What we've ended up doing is to register a custom {{ZookeeperFactory}} with
{{CuratorFrameworkFactory.builder()}}. That factory is responsible for creating 
new {{ZooKeeper}} instances when retrying. So we're just catching 
{{UnknownHostException}} and {{IllegalArgumentException}} there and then throw 
a {{ConnectionLossException}}, which is retry-able as far as Curator is 
concerned.

In case anyone's interested, here's the code, in Scala:

{code:title=ZookeeperFactory.scala|borderStyle=solid}
import java.net.UnknownHostException
import com.typesafe.scalalogging.LazyLogging
import org.apache.zookeeper.KeeperException.ConnectionLossException
import org.apache.zookeeper.{Watcher, ZooKeeper}

/** ZooKeeper client factory that's resilient to hostname lookup errors.
  *
  * The purpose of this wrapper is to handle hostname errors encountered
  * while creating ZooKeeper client instances. It works around these issues:
  *
  *   - https://issues.apache.org/jira/browse/ZOOKEEPER-1576
  *   - https://issues.apache.org/jira/browse/ZOOKEEPER-2614
  *   - https://issues.apache.org/jira/browse/CURATOR-229
  *
  * Curator knows how to retry a finite and predefined set of exceptions. What
  * this custom factory does is to map hostname-related exceptions into one
  * that Curator interprets as a retry-able exception. So it will keep trying
  * to establish a connection to ZooKeeper even in the face of such errors.
  *
  * @param servers The list of ZooKeeper hostnames or addresses.
  */
class ZookeeperFactory(servers: Seq[String])
  extends org.apache.curator.utils.ZookeeperFactory
    with LazyLogging {

  override def newZooKeeper(connectString: String, sessionTimeout: Int, 
watcher: Watcher, canBeReadOnly: Boolean): ZooKeeper = {
    def retry(servers: Seq[String]): ZooKeeper = {
      servers match {
        case Nil =>
          // All server hostnames have failed. Tell Curator to retry later.
          throw new ConnectionLossException()
        case remainingServers =>
          val connectString = remainingServers.mkString(",")

          try {

            new ZooKeeper(connectString, sessionTimeout, watcher, canBeReadOnly)

          } catch {
            // Apache ZooKeeper <= 3.4.10 will throw an UnknownHostException at
            // the first hostname which it can't resolve, instead of trying the
            // following hostnames in the list. So, we just drop the offending
            // hostnames from the servers list and try again.
            case e: UnknownHostException =>
              logger.warn(s"ZooKeeper client creation failed for server list: 
$connectString", e)
              retry(remainingServers.drop(1))

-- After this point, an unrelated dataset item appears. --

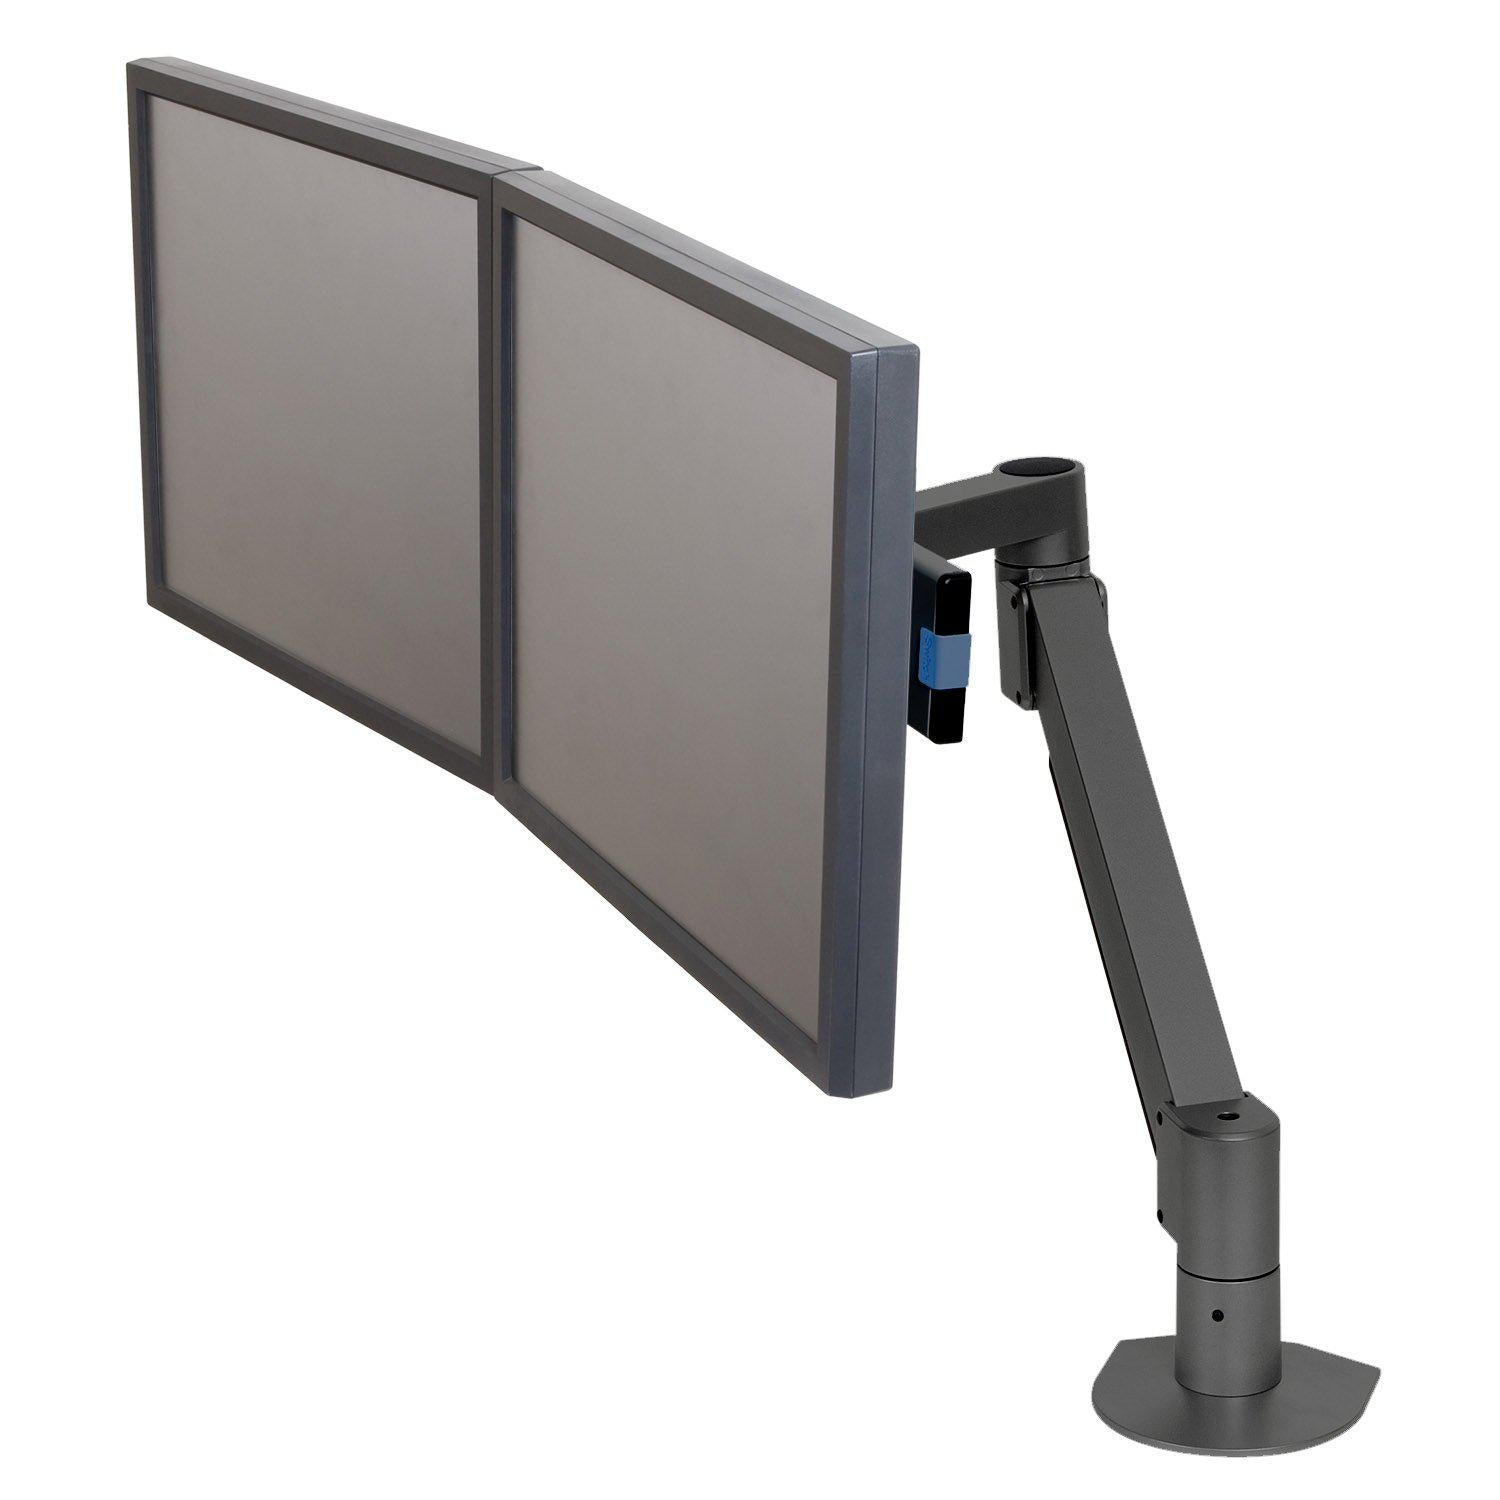 Dual Flat Panel Monitor Arm for Esports Gaming Desks and Shoutcaster Stations, FREE SHIPPING
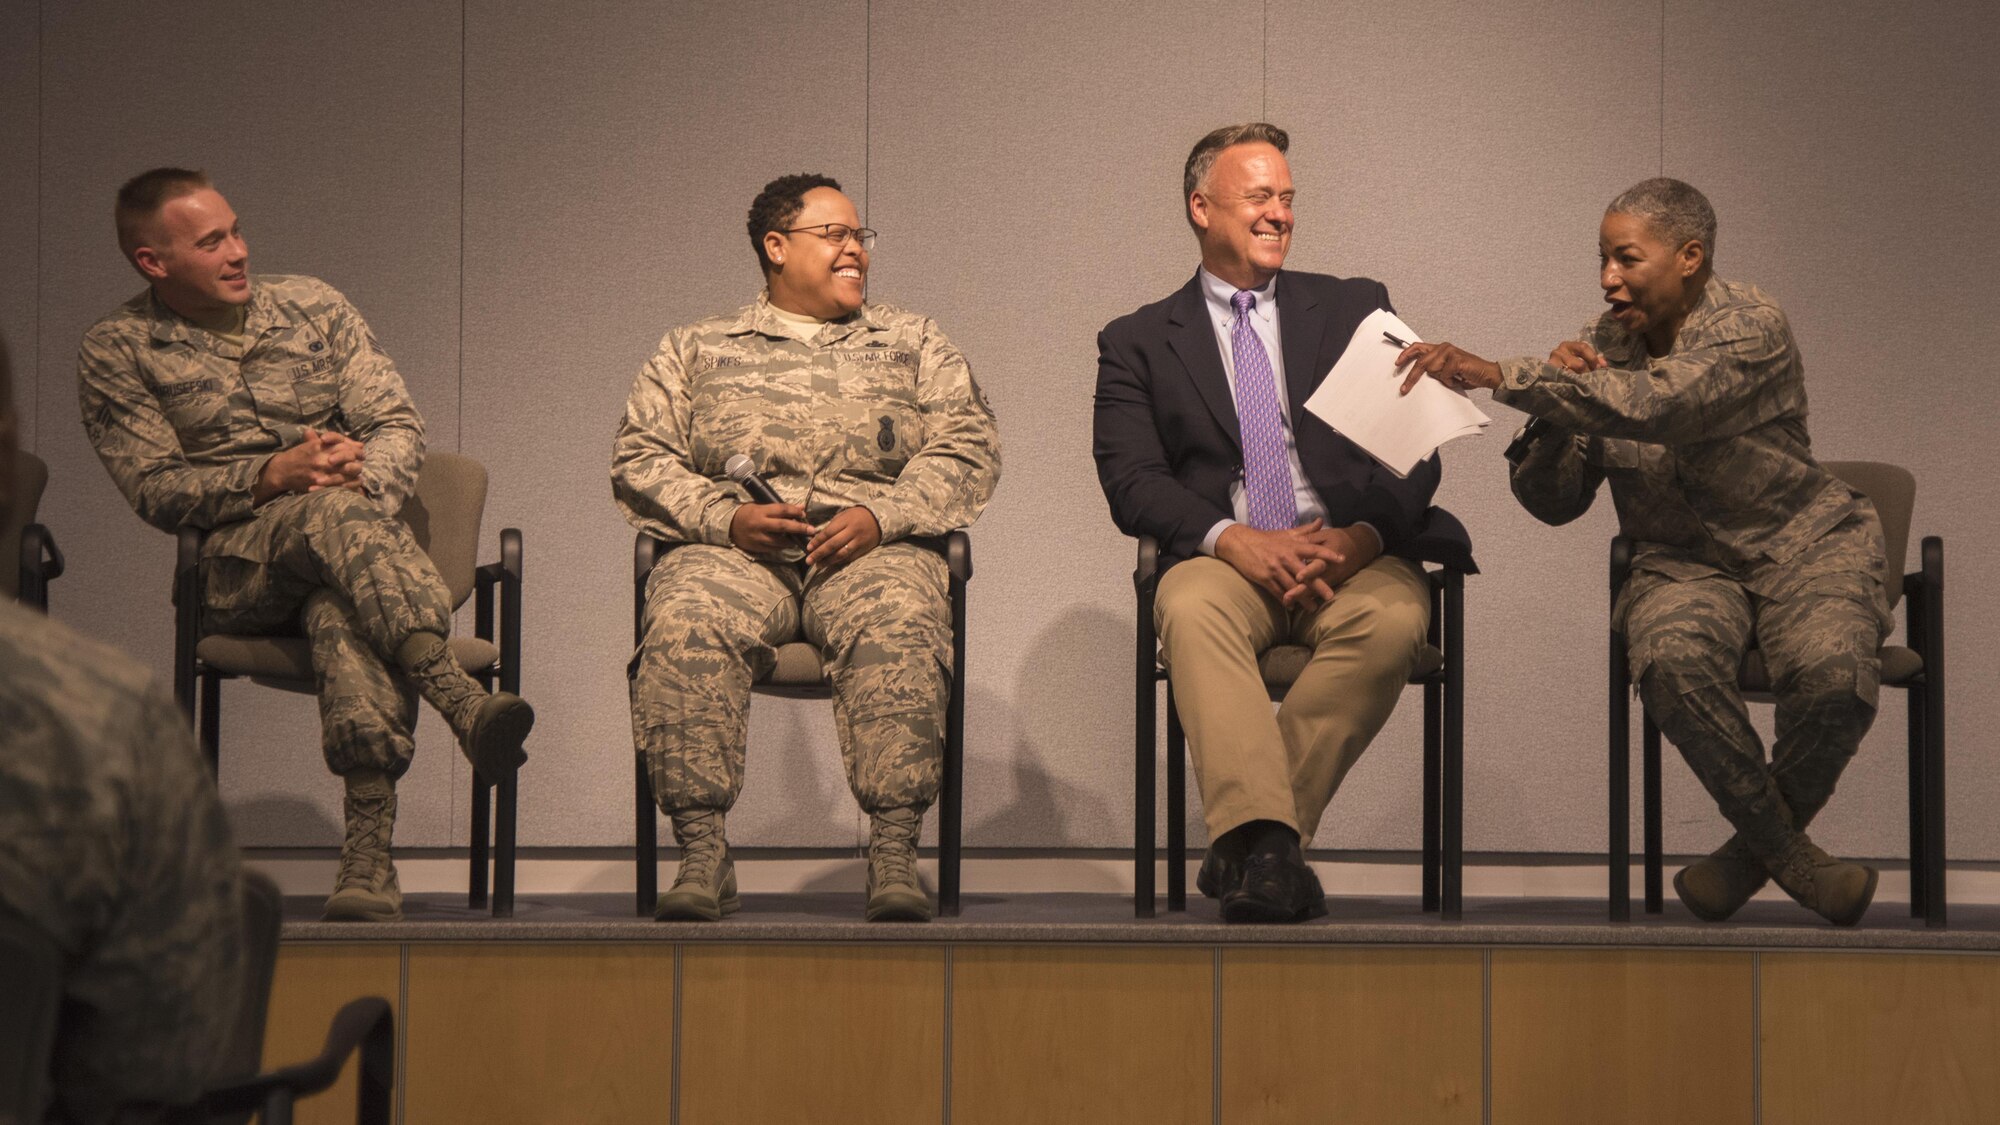 Four service members talk about their experience of being gay in the military during a Lesbian, Gay, Bisexual and Transgender Pride Month special observance panel discussion at Joint Base Andrews, Md., June 29, 2017. The LGBT Month observance goal was to educate the community and encourage a supportive, safe and respectful work environment for all service members, regardless of sexual orientation or gender identity. (U.S. Air Force photo by Airman 1st Class Valentina Lopez)

            // Apache ZooKeeper >= 3.4.11, will try all hostnames, but we still
            // want to retry if all of them fail right now.
            case EmptyHostProvider(e) =>
              logger.warn(s"ZooKeeper client creation failed for server list: 
$connectString", e)
              throw new ConnectionLossException()
          }
      }
    }

    retry(servers)
  }
}

object EmptyHostProvider {
  private final val MESSAGE = "A HostProvider may not be empty!"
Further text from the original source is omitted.